STORED DATA Start Marker
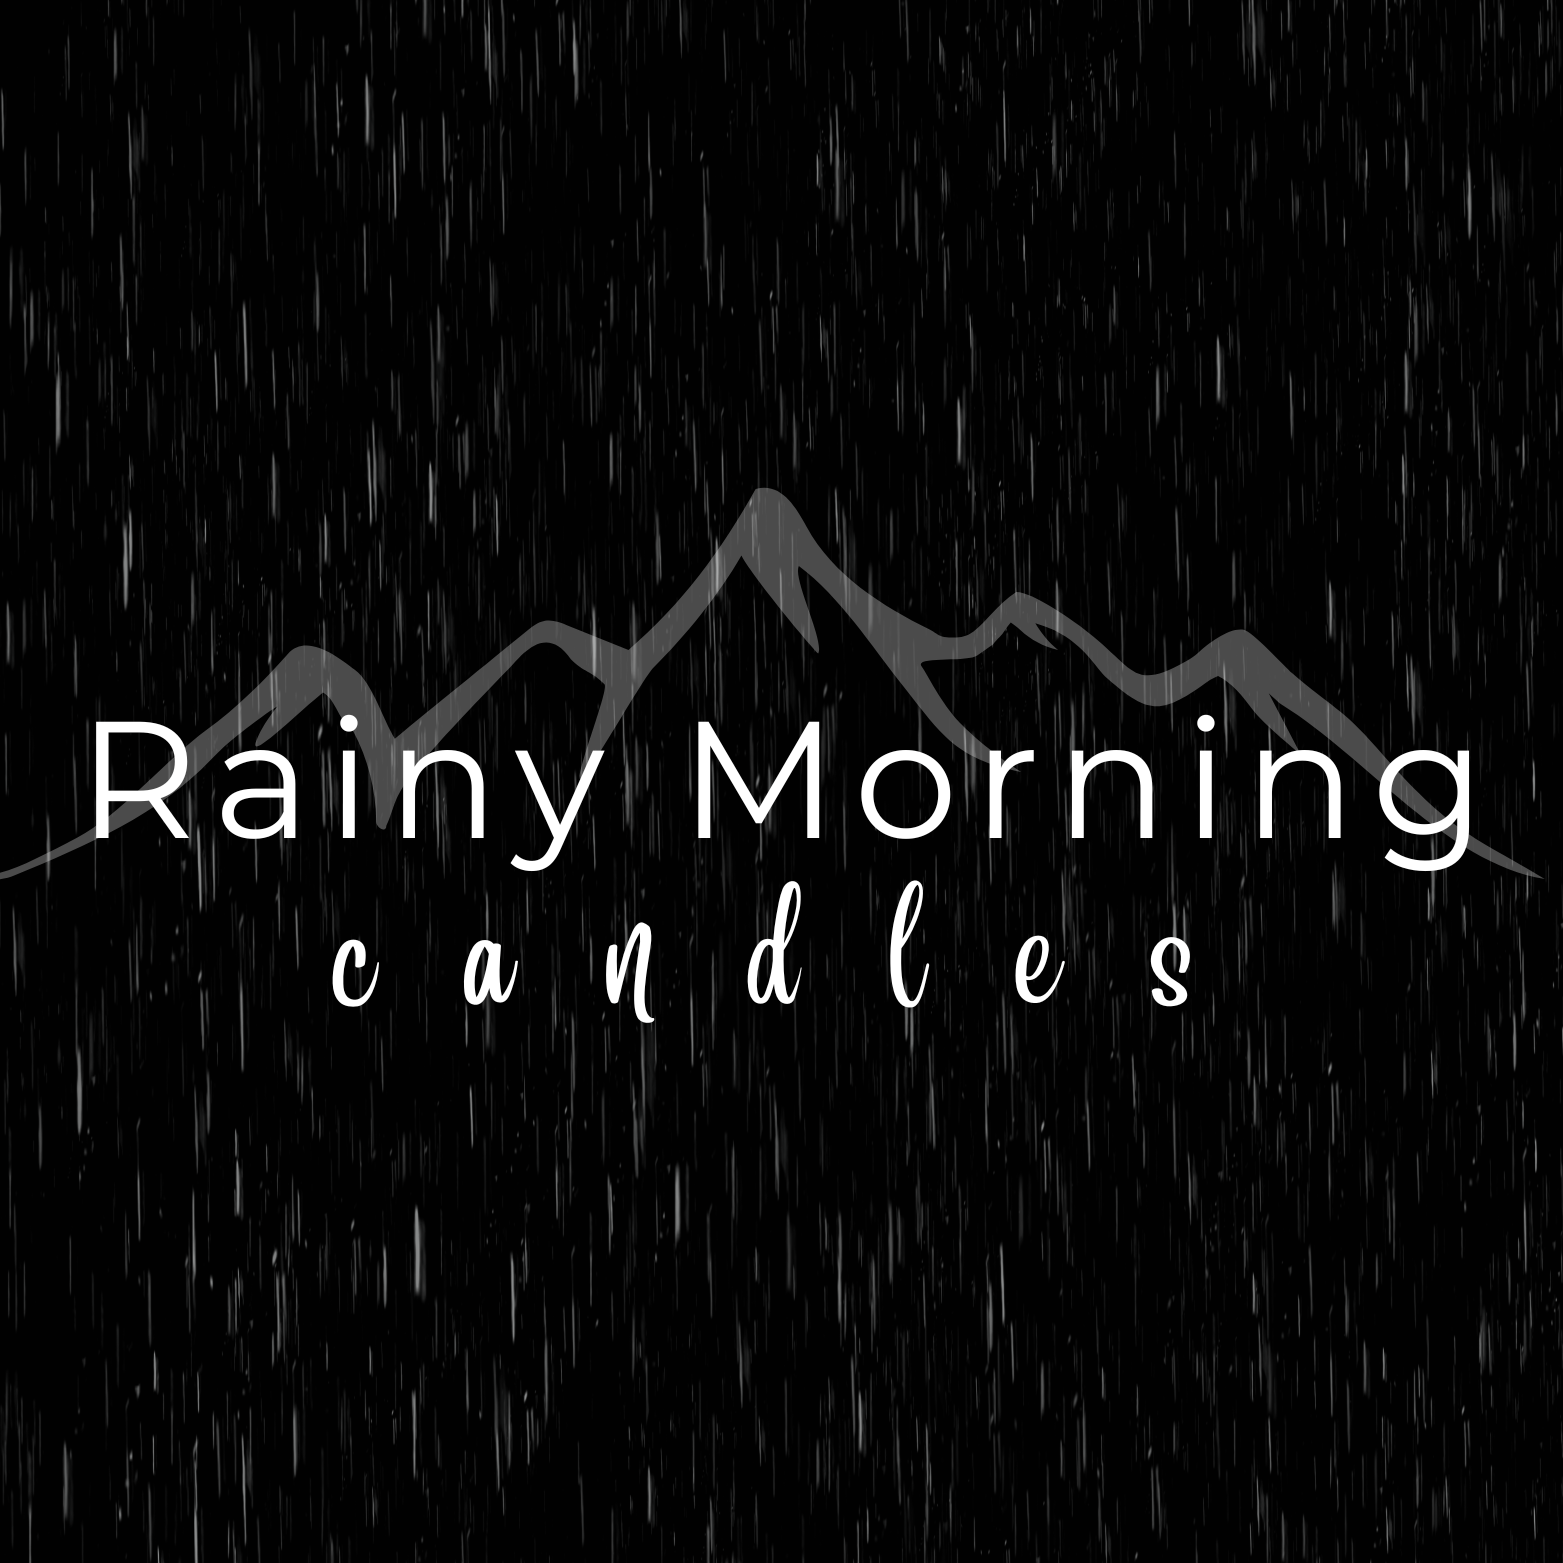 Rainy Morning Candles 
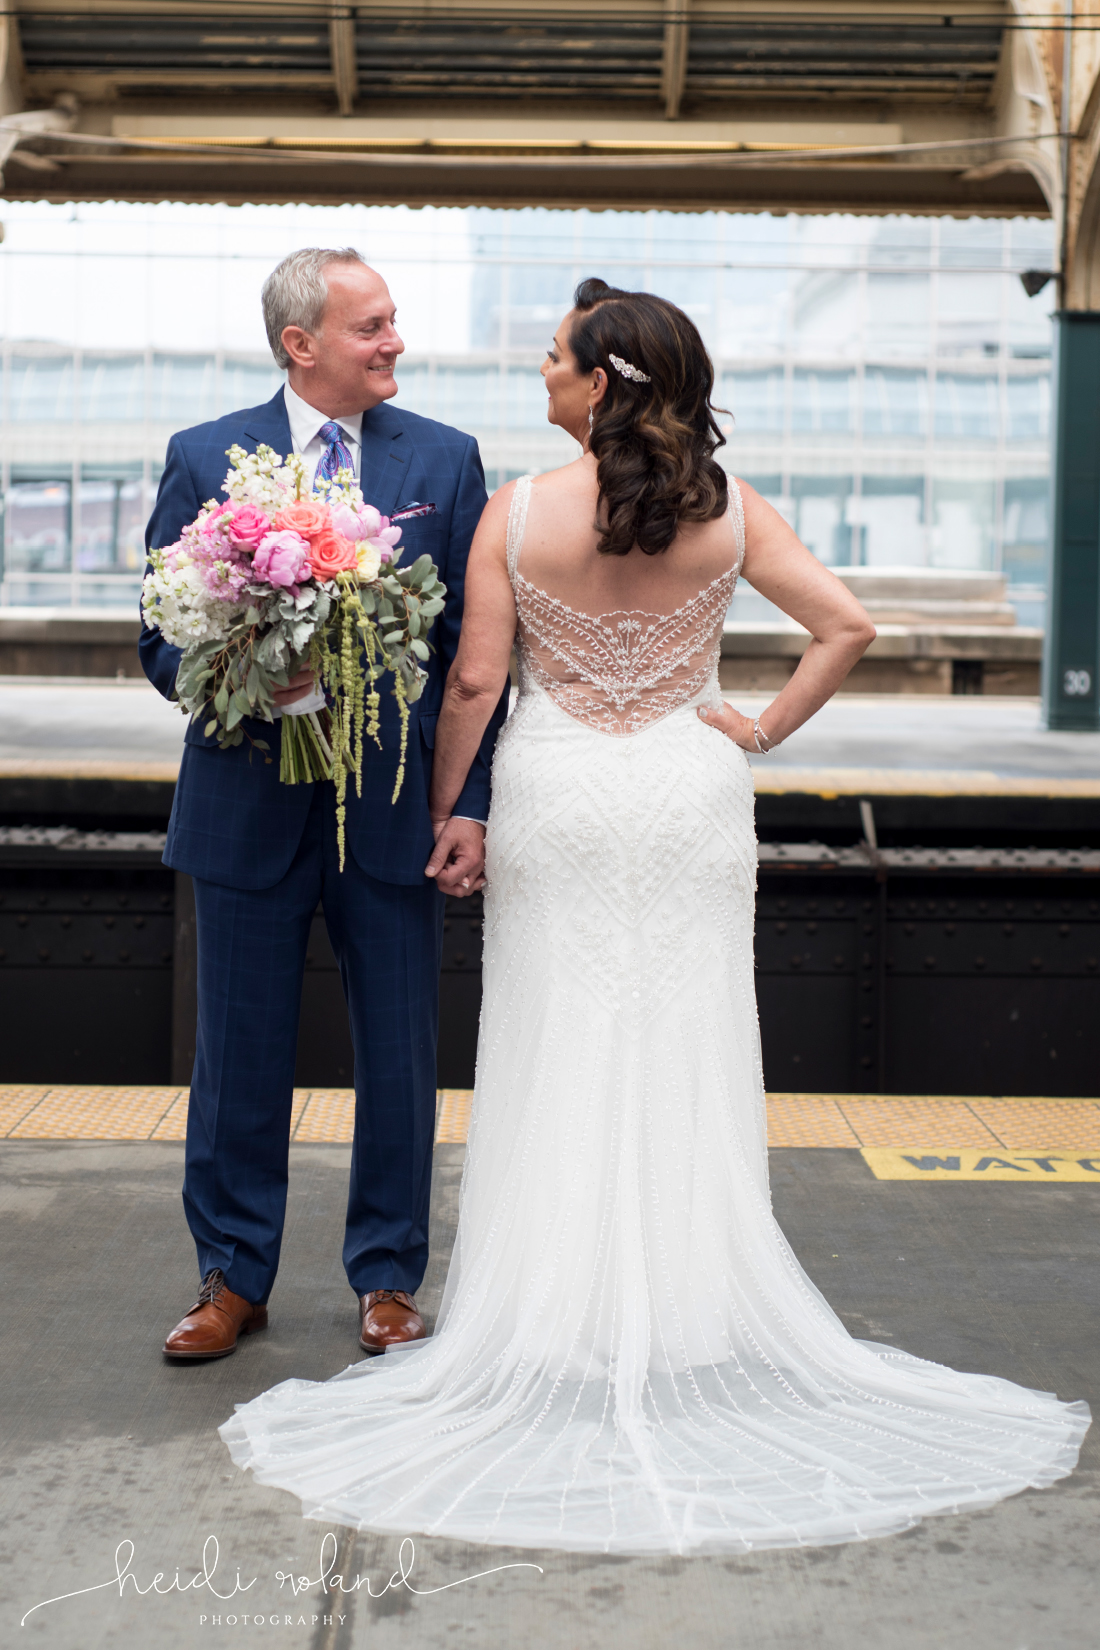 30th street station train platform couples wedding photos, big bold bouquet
STORED DATA End Marker
STORED DATA Start Marker
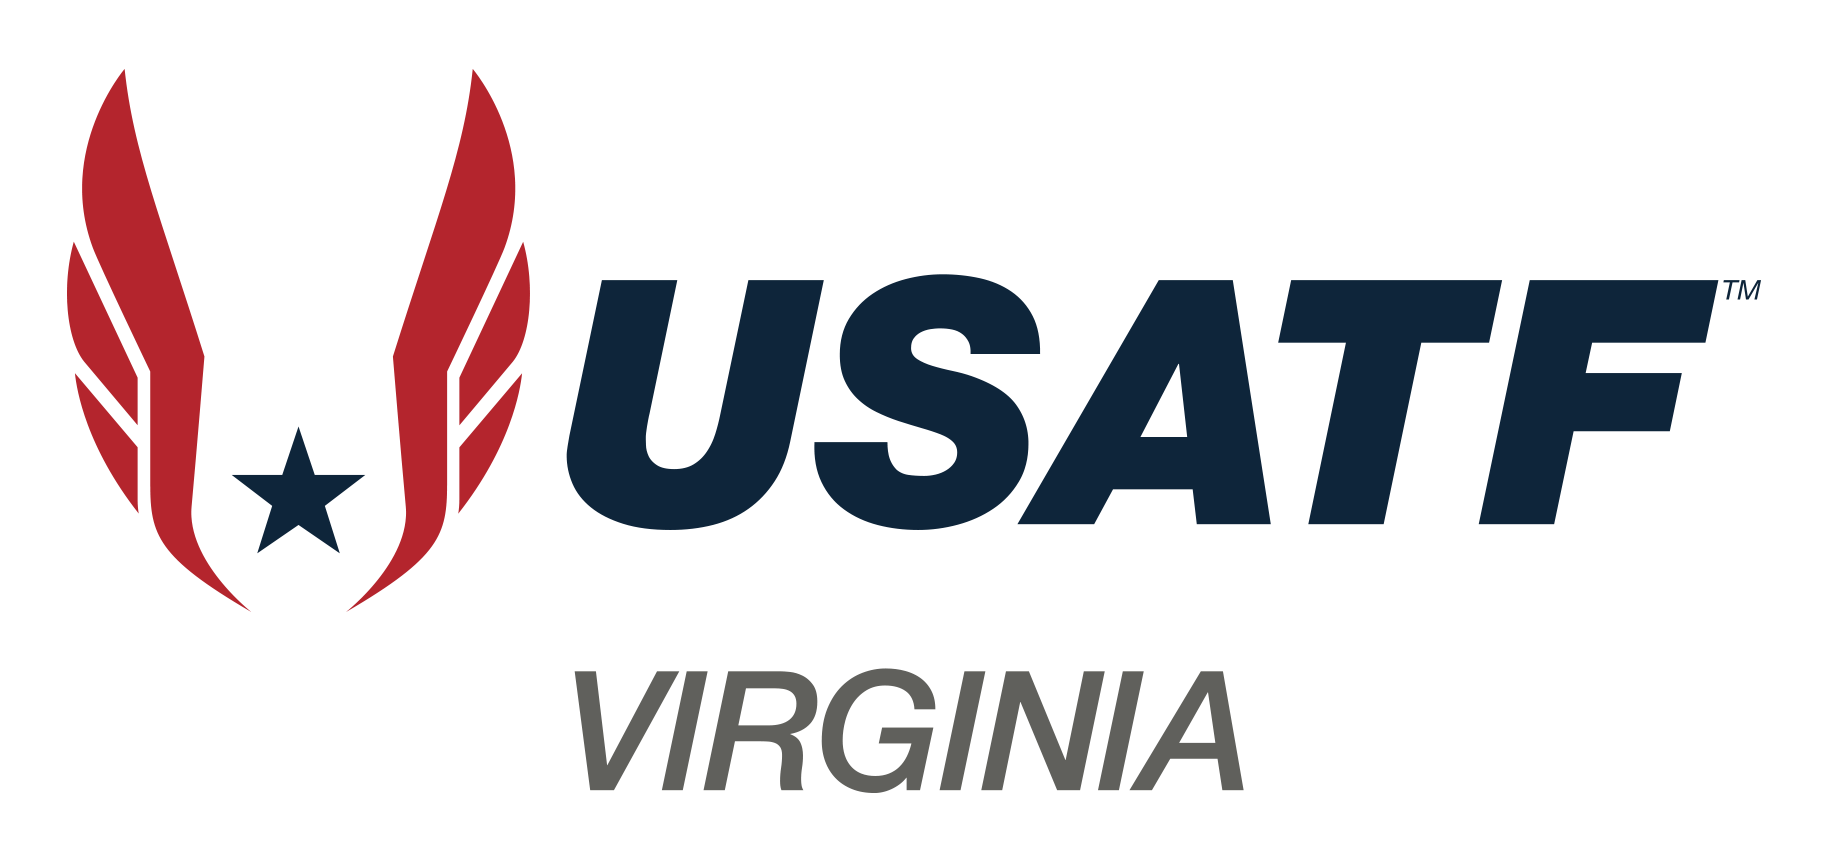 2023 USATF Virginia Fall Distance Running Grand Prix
STORED DATA End Marker
**TASK DIRECTIONS**
Precisely those lines above that run from the line with "Rainy Morning Candles" up to and including the line with "30th street station" are to be set down, with the pictures omitted.

**YOUR RESPONSE**
 Rainy Morning Candles 
 30th street station train platform couples wedding photos, big bold bouquet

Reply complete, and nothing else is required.